■ What the task requires ■
Write out word for word each line from the top of the material through the line that has "Spa Music: Relaxing Music and Ocean Waves". Pictures do not go in.

■ Material provided ■
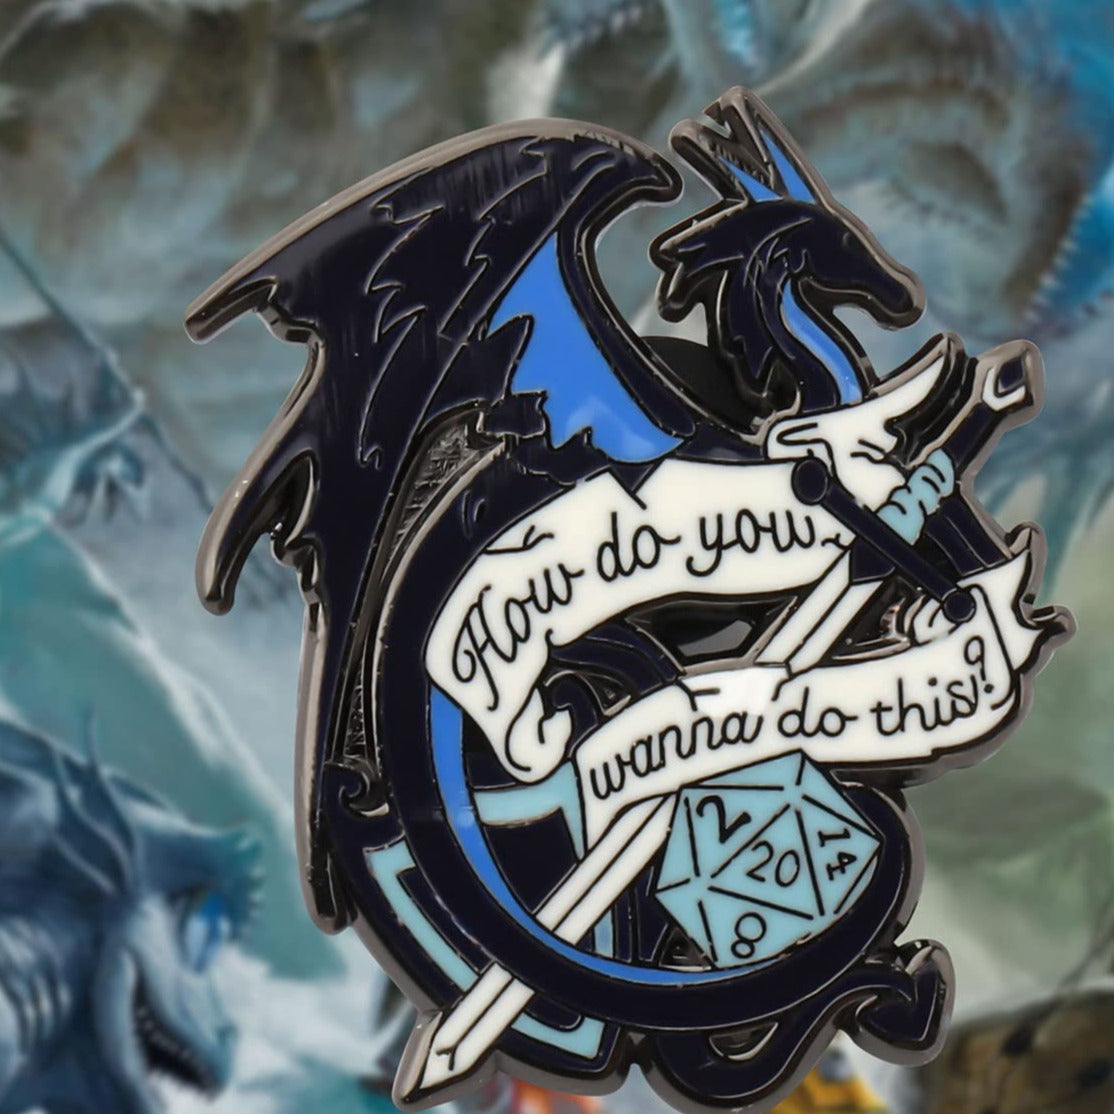 FREE Today: Dungeons & Dragons ‘How Do You Wanna Do This?’ Enamel Pin
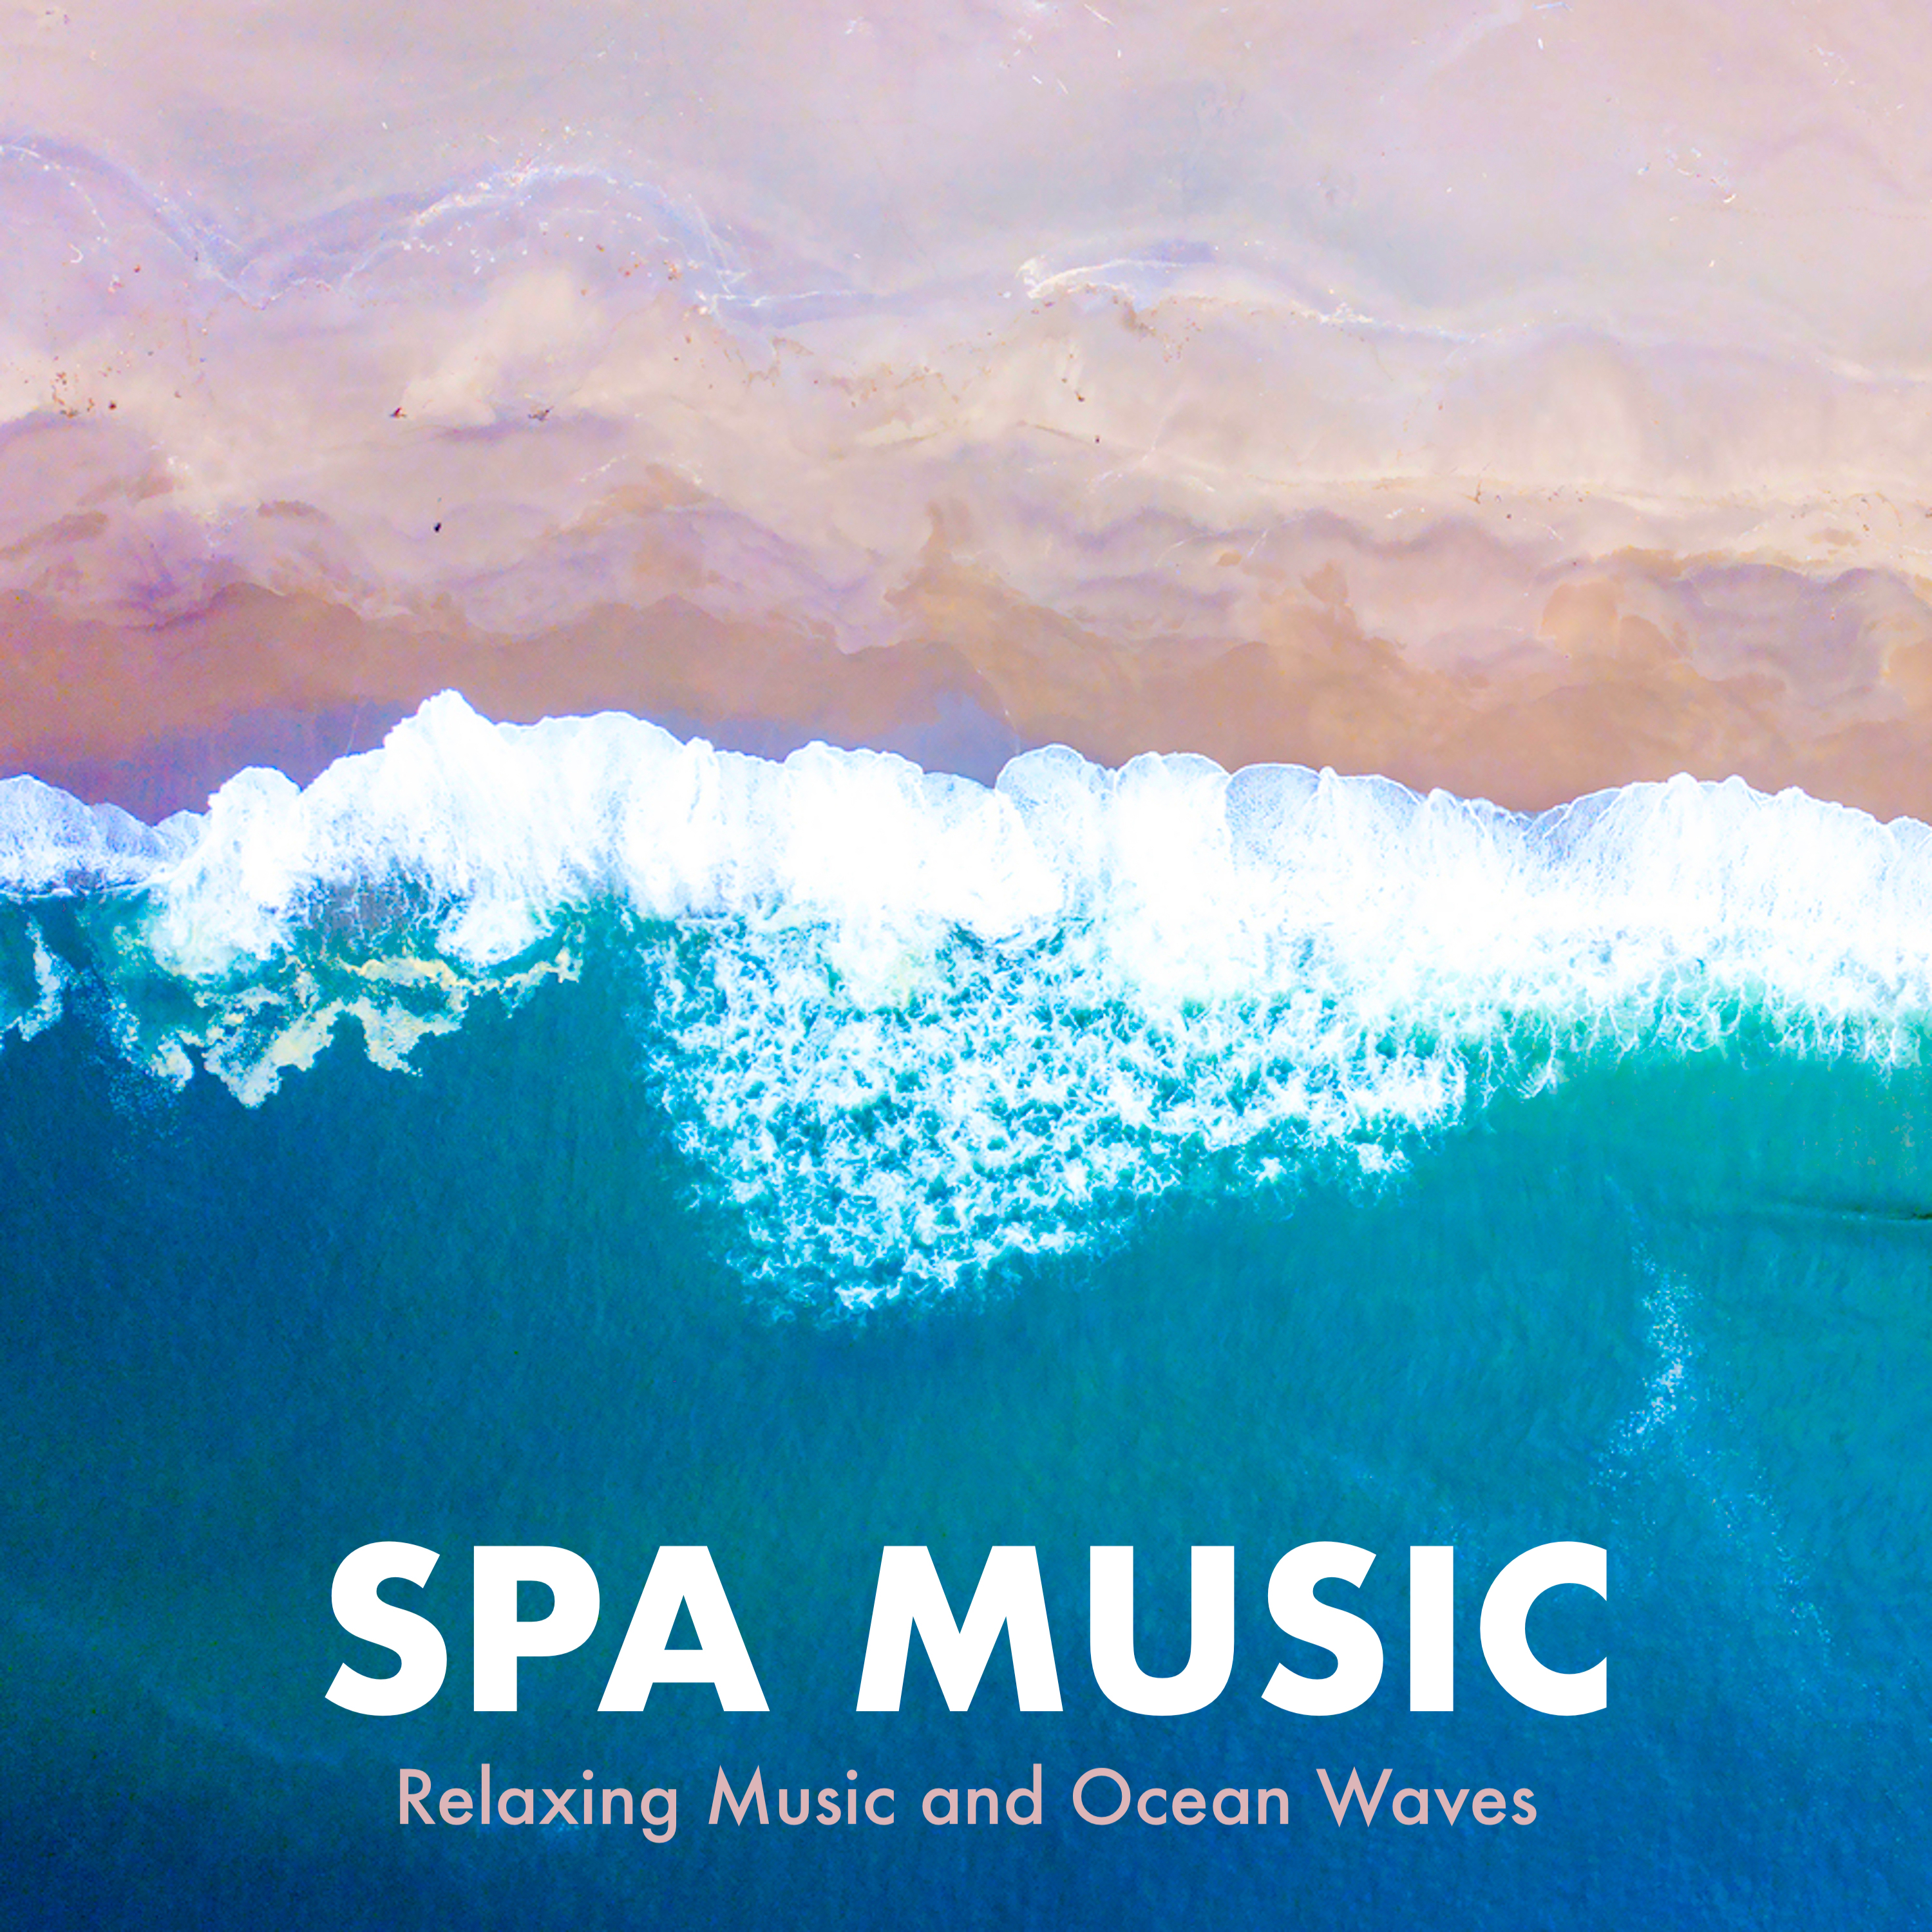 Spa Music: Relaxing Music and Ocean Waves
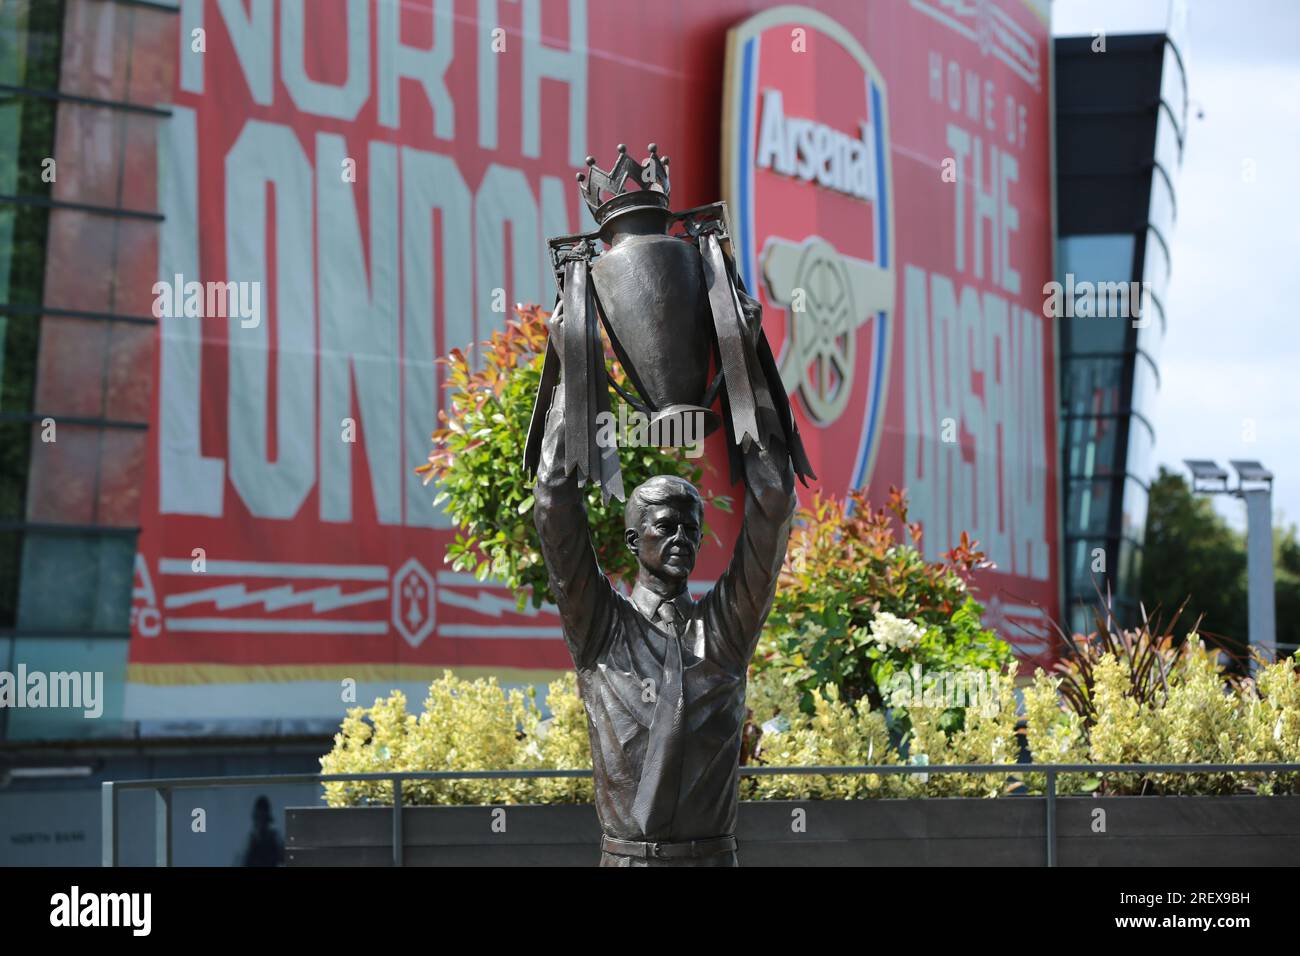 London, UK. 30 July 2023. Arsenal unveil Arsène Wenger statue outside the Emirates Stadium to commemorate the Gunners iconic manager's 22-year tenure at the club. The legendary manager led Arsenal FC to three Premier League titles, including the famous Invincibles season in 2003/04 where his side remained unbeaten, and seven FA Cups. The bronze statue, which was created by sculptor Jim Guy, is 3.5 metres high and weighs approximately half a tonne, and depicts the former French manager lifting the Premier League trophy. Credit: Waldemar Sikora/Alamy Live News Stock Photo
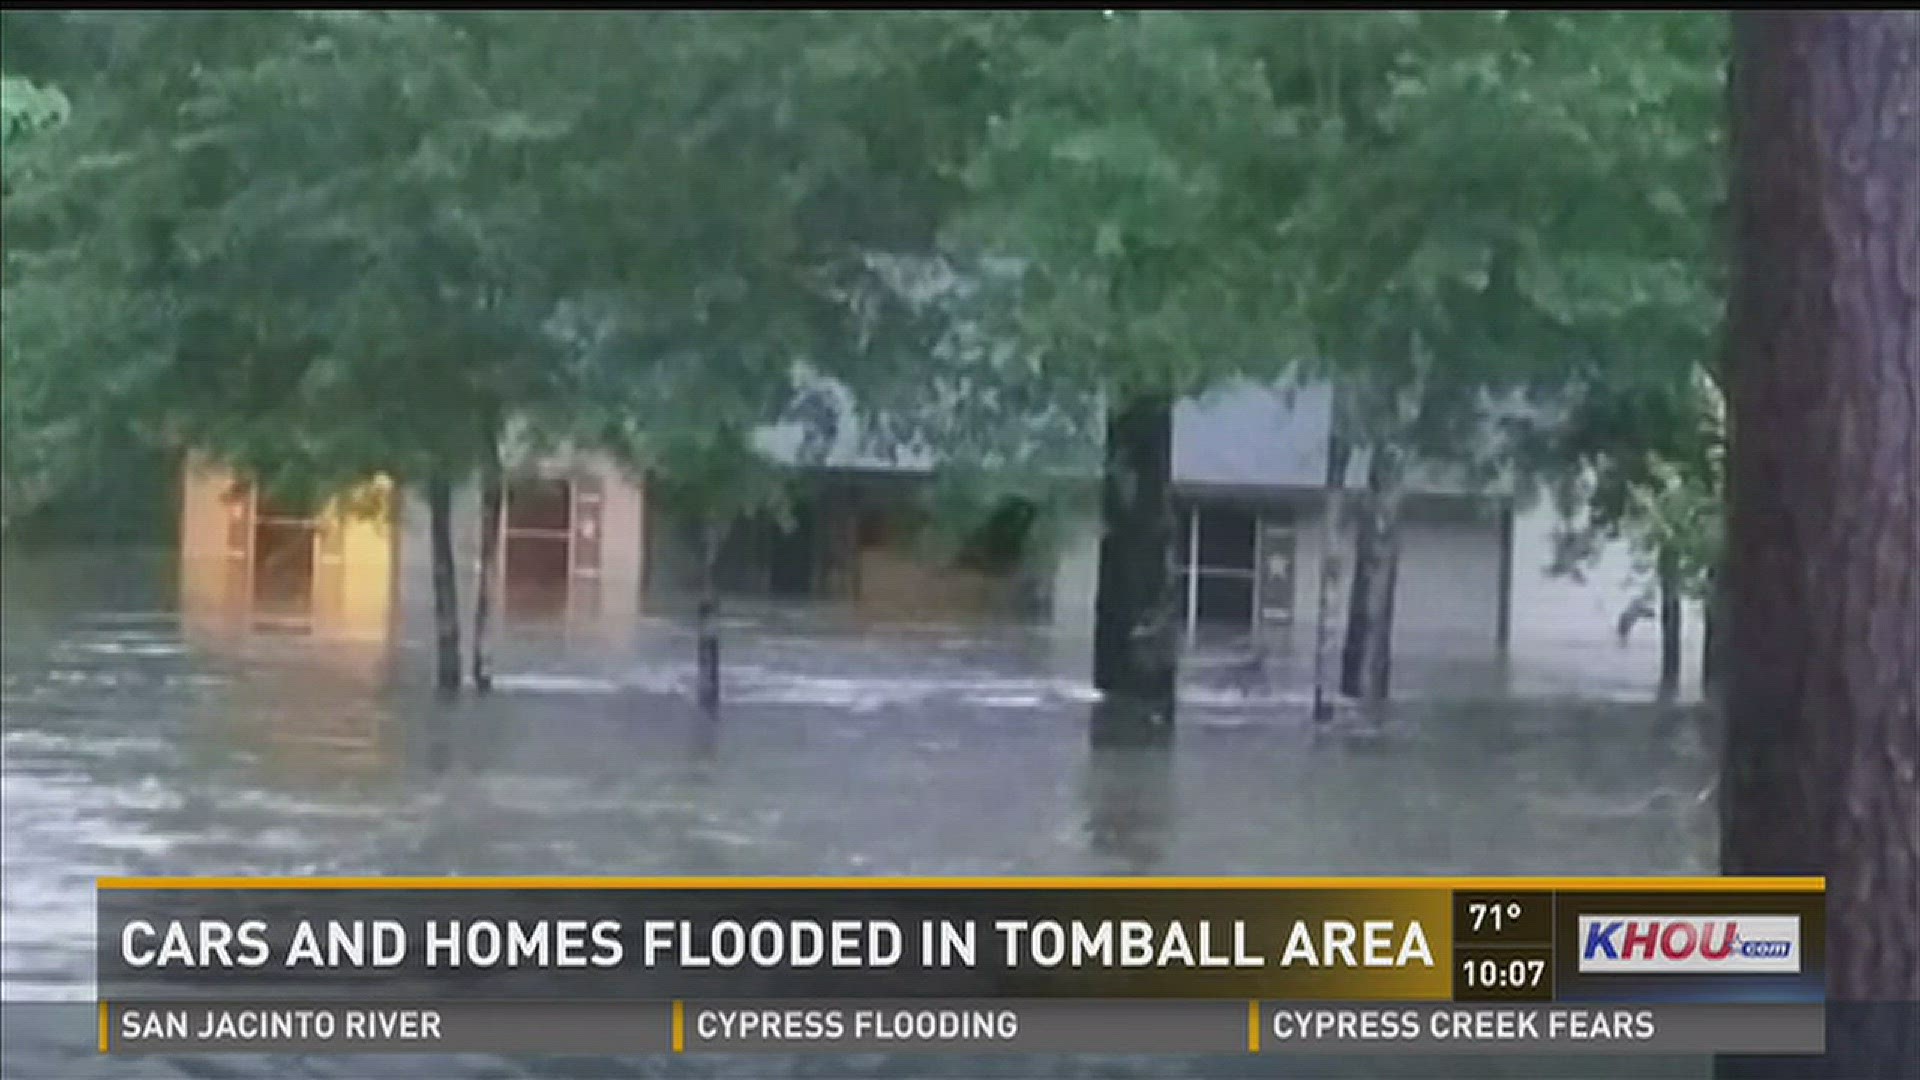 Cars and homes have been flooded in the Tomball area after Friday's storms. One driver was caught in high water and escaped from his vehicle just in time.

■ Reply ■
 FREE Today: Dungeons & Dragons ‘How Do You Wanna Do This?’ Enamel Pin
 Spa Music: Relaxing Music and Ocean Waves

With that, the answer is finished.